Tav, l’azzardo del Prof: «Il governo s’impegna sulla Torino-Lione»

Prodi rassicura il responsabile del Corridoio 5 De Palacio. Di Pietro: «L’opera è prioritaria»

Emanuela Fontana

da Roma

Il viaggio a Roma di Loyola de Palacio, il commissario europeo responsabile del corridoio internazionale 5 e dunque dell’alta velocità Torino Lione, è stato soddisfacente. Argomento di discussione con il premier Romano Prodi: i cantieri della Tav, su cui durante la stesura del programma si erano scontrate le diverse anime dell’Unione. Ma Prodi ha offerto alla De Palacio le rassicurazioni che il commissario voleva sentirsi dire: «Il cambio al governo in Italia non comporta un cambio di strategia - ha dichiarato l’ambasciatrice di Bruxelles per la Tav italofrancese - la volontà di andare avanti con la Torino-Lione c’è». De Palacio lo scriverà nel prossimo rapporto che invierà a Bruxelles come coordinatrice del progetto Lisbona-Kiev, che comprende la linea ferroviaria nel tratto italiano fino a Torino.
Dopo l’Afghanistan, sembra che anche il cantiere piemontese segni una continuità tra il governo Berlusconi e il governo Prodi, nonostante i durissimi attacchi preelettorali. E nella maggioranza non tutti sorridono. C’è chi non ha dimenticato la battaglia a fianco delle popolazioni della Val di Susa appena cinque mesi fa, nel periodo pre-olimpico: «Nel programma sottoscritto da tutta l’Unione la Torino-Lione non è inserita come una priorità», precisa il ministro per la Solidarietà sociale, Paolo Ferrero, smentendo così il pieno accordo apparente.
Palacio ha incontrato sia Prodi a Palazzo Chigi che il ministro delle Infrastrutture Antonio Di Pietro.

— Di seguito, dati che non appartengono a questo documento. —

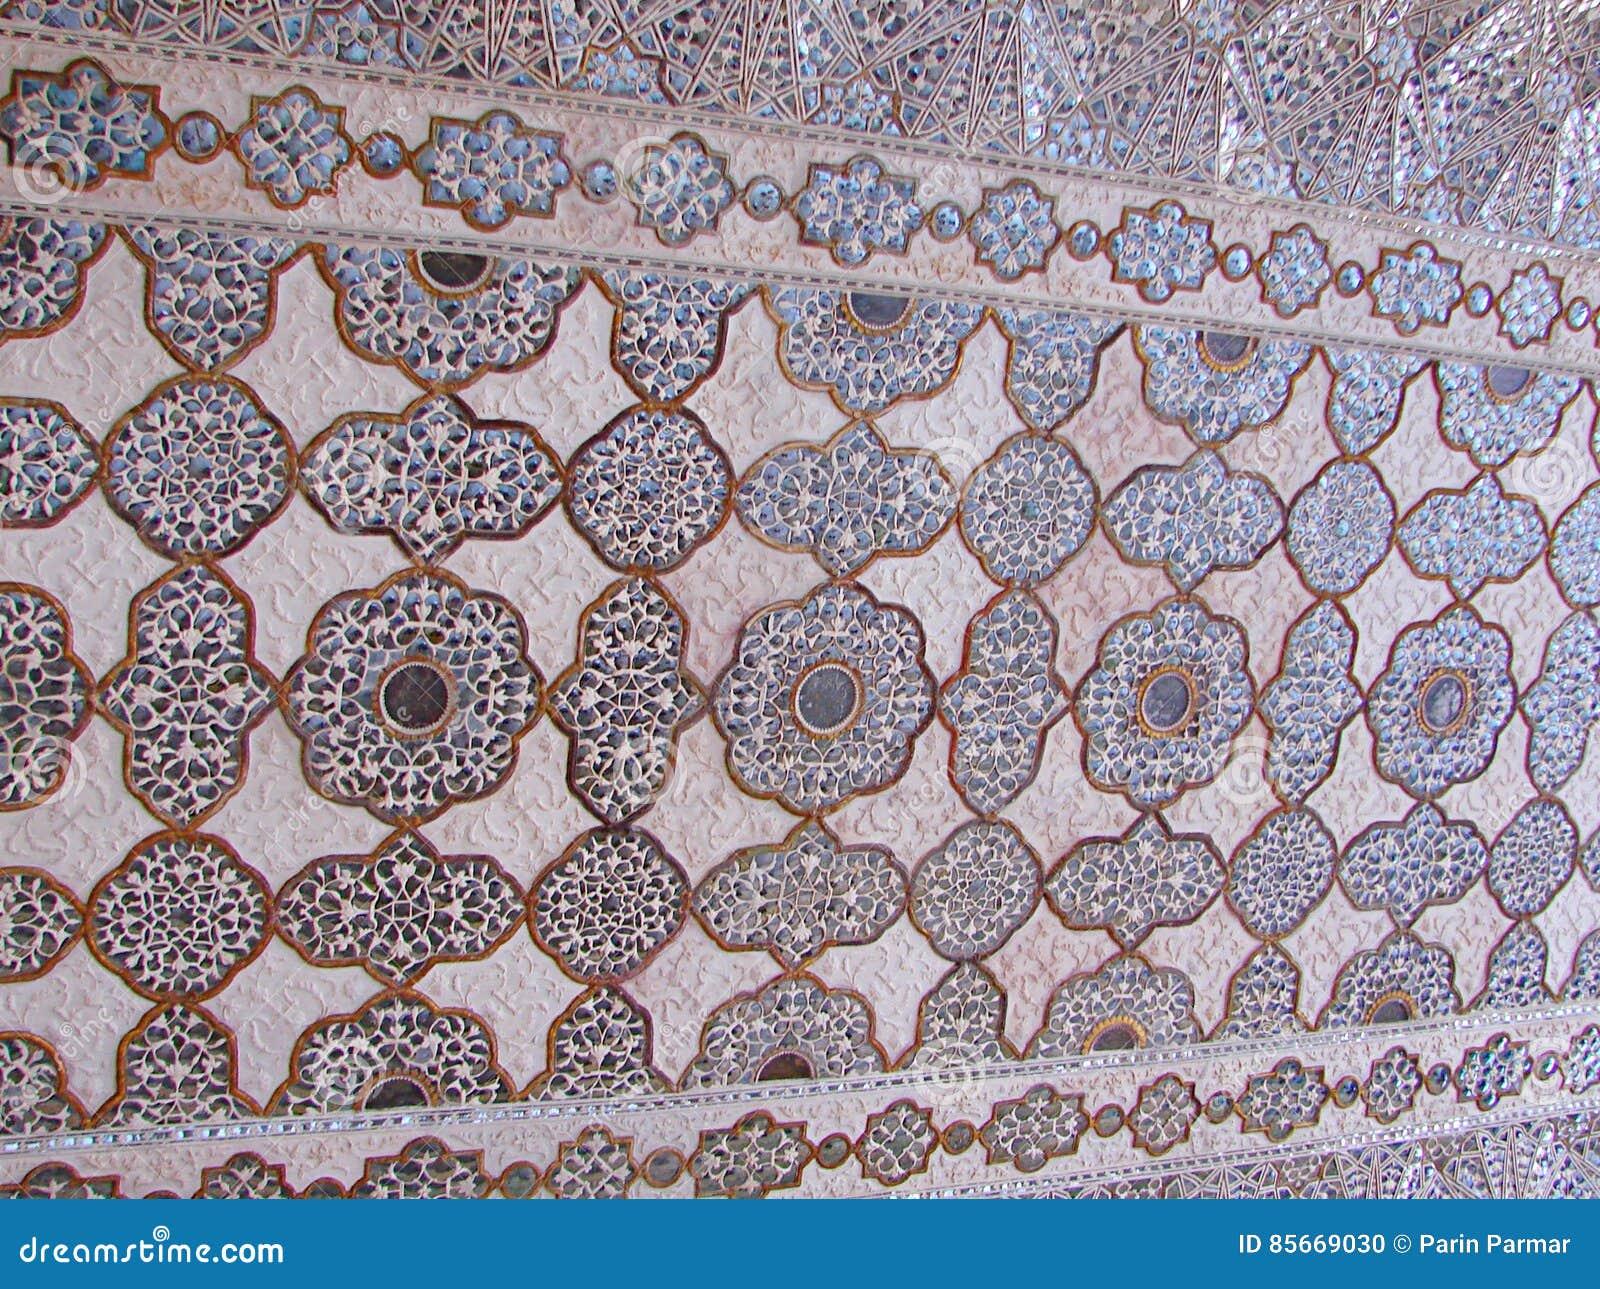 Een Gesierd Plafond in Spiegelpaleis, Amer Palace, Jaipur, Rajasthan, India

Tutti i protagonisti hanno sorvolato, però, sull’aspetto più delicato dell’opera: il tunnel di 52 chilometri che andrebbe scavato, secondo il progetto, per collegare la Val di Susa alla Francia.
«Noi riteniamo di impegnarci al massimo - ha scandito Di Pietro - per portare avanti il progetto che riteniamo prioritario». Ha aperto a modifiche, ma non all’essenza della Tav: «Possiamo discutere di modifiche al tracciato, non del progetto». Un progetto «non chiuso», ha concordato De Palacio, augurandosi per questo tempi brevi dal governo sulla discussione nei prossimi giorni.
Prodi ha assicurato che aprirà un tavolo politico sulla Tav prima del 4 luglio, data della riunione della commissione intergovernativa italofrancese. «Il presidente Prodi - ha sottolineato De Palacio - è stato molto chiaro nel considerare l’opera prioritaria, benché ci siano ancora alcuni punti da affrontare».
Si rimetterà mano certamente alla valutazione d’impatto ambientale: «Sul piano tecnico vuol dire fare una valutazione ordinaria senza le scorciatoie della Legge obiettivo», ha detto Di Pietro senza approfondire l’aspetto tunnel: il governo Prodi ripartirà sulla Tav «dalle ultime operazioni del precedente, da un tavolo politico, un tavolo tecnico, e un tavolo istituzionale per prendere le decisioni in concertazione». Le diverse anime della coalizione devono trovare una «sintesi», secondo il leader dell’Italia dei valori, «non si può fermare un’opera essenziale per il Paese, ma neanche ignorare le giuste istanze della popolazione».
Le perplessità nell’Unione però rimangono alte, soprattutto nell’ala più radicale: «Sulla Tav non è cambiato nulla - commenta poco soddisfatto l’europarlamentare di Rifondazione Vittorio Agnoletto - siamo fermi al punto di partenza. Il vero oggetto del contendere è la galleria che collega la val di Susa alla Francia». E se i Ds mostrano «soddisfazione», c’è già un ministro, Ferrero, che pone degli alt: nel programma dell’Unione ci sono una serie di precisazioni che «non possono in alcun modo essere elusi neanche in parte. Su temi sensibili come la Tav dunque occorre attentamente evitare qualsiasi accelerazione che rischia di rendere difficile la costruzione di posizioni stabili e condivise». Da Bruxelles, il commissario europeo Franco Frattini avverte: «Credo che l’Italia non possa e non debba lasciarsi sfuggire questa occasione.

Non ci sarebbe il tempo per recuperare una decisione negativa, l’Europa sarebbe costretta a non inserire un cospicuo finanziamento comunitario per quest’opera italiana e quindi depennarlo dalla lista delle grandi infrastrutture transeuropee».